Register Guidelines E-Books Today's Posts Search

Go Back   MobileRead Forums > E-Book Software > Calibre > Conversion

Notices

Reply
 
Thread Tools Search this Thread
Old 10-29-2023, 11:33 AM   #1
Slash
Junior Member
Slash began at the beginning.
 
Posts: 6
Karma: 10
Join Date: Feb 2015
Device: Kobo Aura HD
Unhappy PDF to EPUB don't keep OCR

Hello,
I am using the last version of Calibre and I have a PDF with an OCR so I can search text in it.

When converting to Epub, the OCR disappeared.

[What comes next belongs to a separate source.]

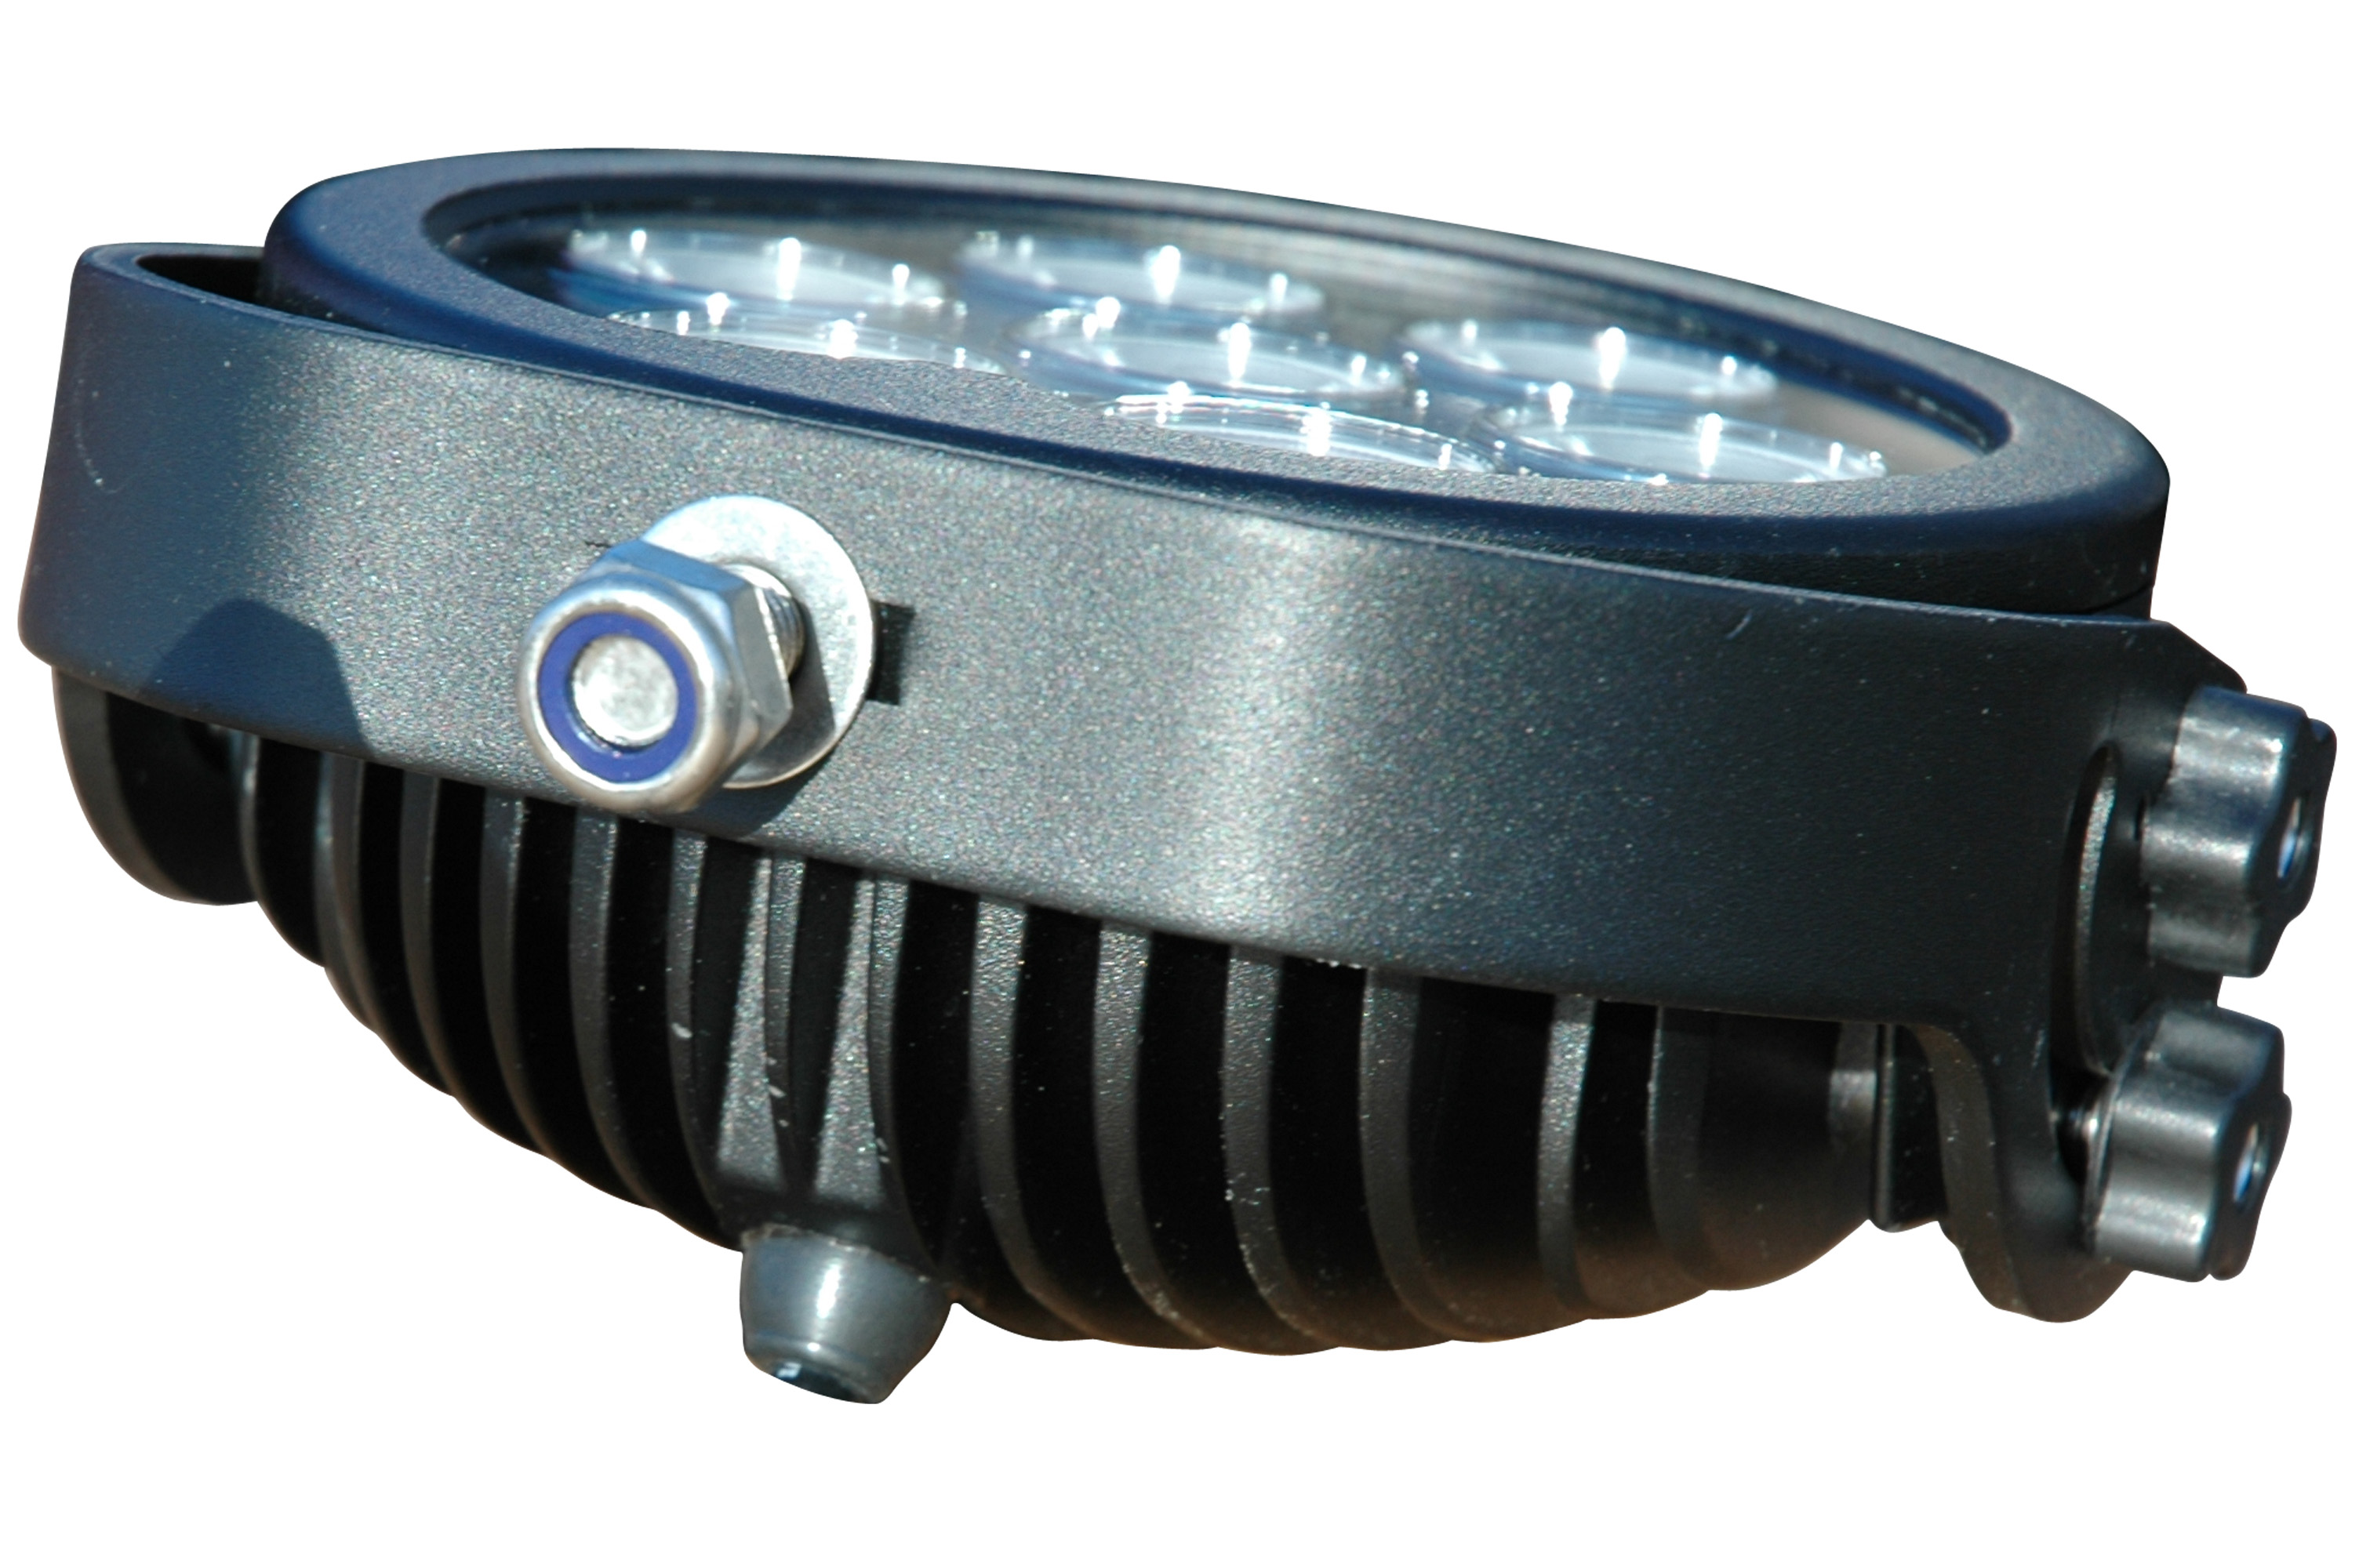 LED-BL-70W LED Boat Light from Larson Electronics’

How can I kepp my PDF OCR in the EPUB ?

Thank you
Slash is offline   Reply With Quote
Old 10-29-2023, 12:26 PM   #2
Quoth
the rook, bossing Never.
Quoth ought to be getting tired of karma fortunes by now.Quoth ought to be getting tired of karma fortunes by now.Quoth ought to be getting tired of karma fortunes by now.Quoth ought to be getting tired of karma fortunes by now.Quoth ought to be getting tired of karma fortunes by now.Quoth ought to be getting tired of karma fortunes by now.Quoth ought to be getting tired of karma fortunes by now.Quoth ought to be getting tired of karma fortunes by now.Quoth ought to be getting tired of karma fortunes by now.Quoth ought to be getting tired of karma fortunes by now.Quoth ought to be getting tired of karma fortunes by now.
 
Quoth's Avatar
 
Posts: 11,164
Karma: 85874891
Join Date: Jun 2017
Location: Ireland
Device: All 4 Kinds: epub eink, Kindle, android eink, NxtPaper11
Extract the OCR. There are separate tools depending on OS.

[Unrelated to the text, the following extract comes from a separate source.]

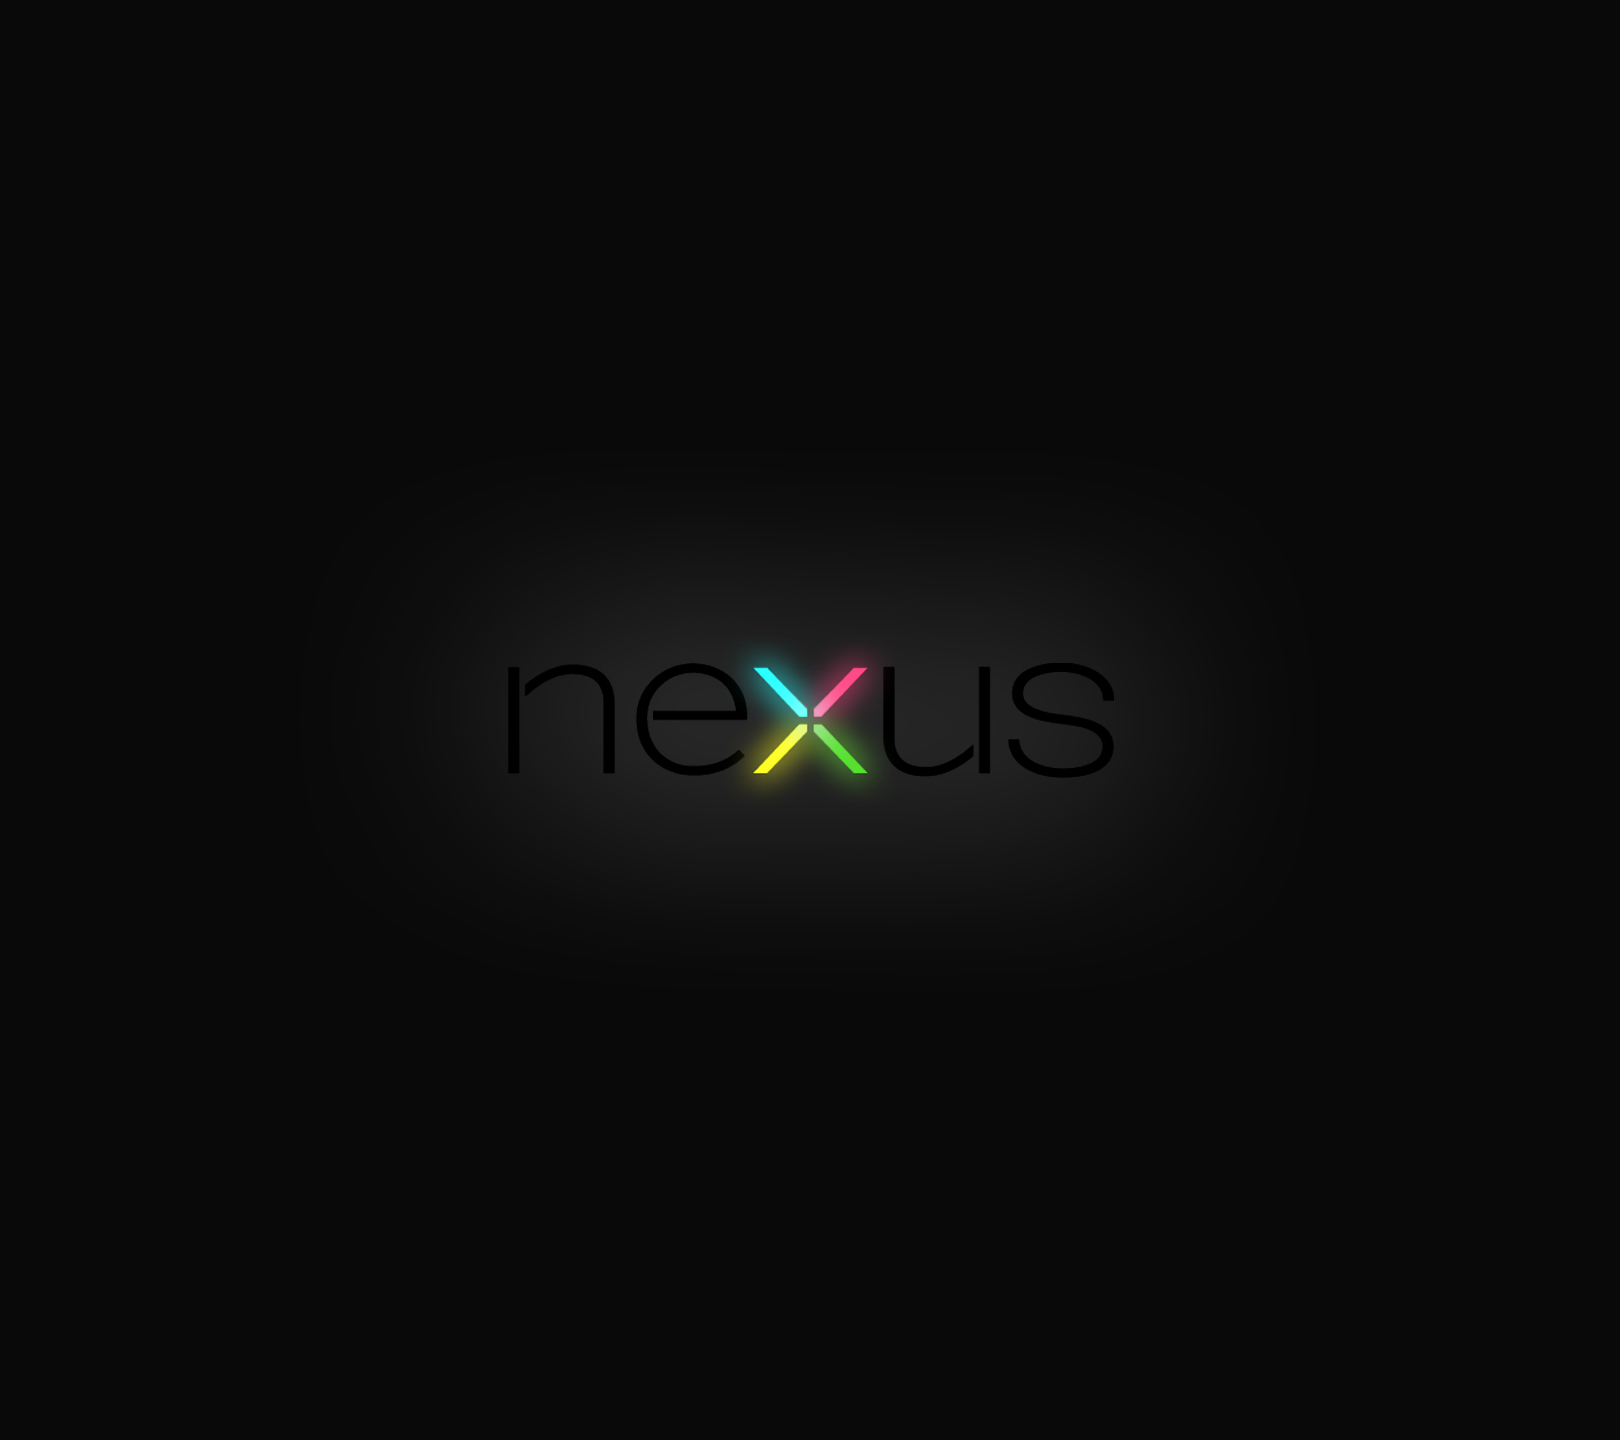 Wallpaper Pg Google Nexus Xda Forums

Also don't convert PDFs at all, except by OCR or scraping OCR into a wordprocessor.

PDFs are an end use format to print or print preview.
Quoth is offline   Reply With Quote
Old 11-03-2023, 03:35 AM   #3
Slash
Junior Member
Slash began at the beginning.
 
Posts: 6
Karma: 10
Join Date: Feb 2015
Device: Kobo Aura HD
Hello thank you for your message, the thing is that I have scanned a book into multiples jpeg and I would like to convert to epub and pdf.

Should I convert to epub first? Because the tools I'm using with ocr recognition is for pdf only, I didn't find the way to make an ocr from my original jpeg files in Calibre
Slash is offline   Reply With Quote
Old 11-03-2023, 10:44 AM   #4
retiredbiker
Addict
retiredbiker ought to be getting tired of karma fortunes by now.retiredbiker ought to be getting tired of karma fortunes by now.retiredbiker ought to be getting tired of karma fortunes by now.retiredbiker ought to be getting tired of karma fortunes by now.retiredbiker ought to be getting tired of karma fortunes by now.retiredbiker ought to be getting tired of karma fortunes by now.retiredbiker ought to be getting tired of karma fortunes by now.retiredbiker ought to be getting tired of karma fortunes by now.retiredbiker ought to be getting tired of karma fortunes by now.retiredbiker ought to be getting tired of karma fortunes by now.retiredbiker ought to be getting tired of karma fortunes by now.
 
retiredbiker's Avatar
 
Posts: 387
Karma: 1638210
Join Date: May 2013
Location: Ontario, Canada
Device: Kindle KB, Oasis, Pop_Os!, Jutoh, Kobo Forma
Quote:
Originally Posted by Slash View Post
the tools I'm using with ocr recognition is for pdf only, I didn't find the way to make an ocr from my original jpeg files in Calibre
If you are using Linux, a cool way to do OCR on jpeg images is OCRFeeder as a front end for Tesseract. It gives you fine control, handles paragraphing and end-of-line hyphens very well. Lets you do double-column and other ugly things.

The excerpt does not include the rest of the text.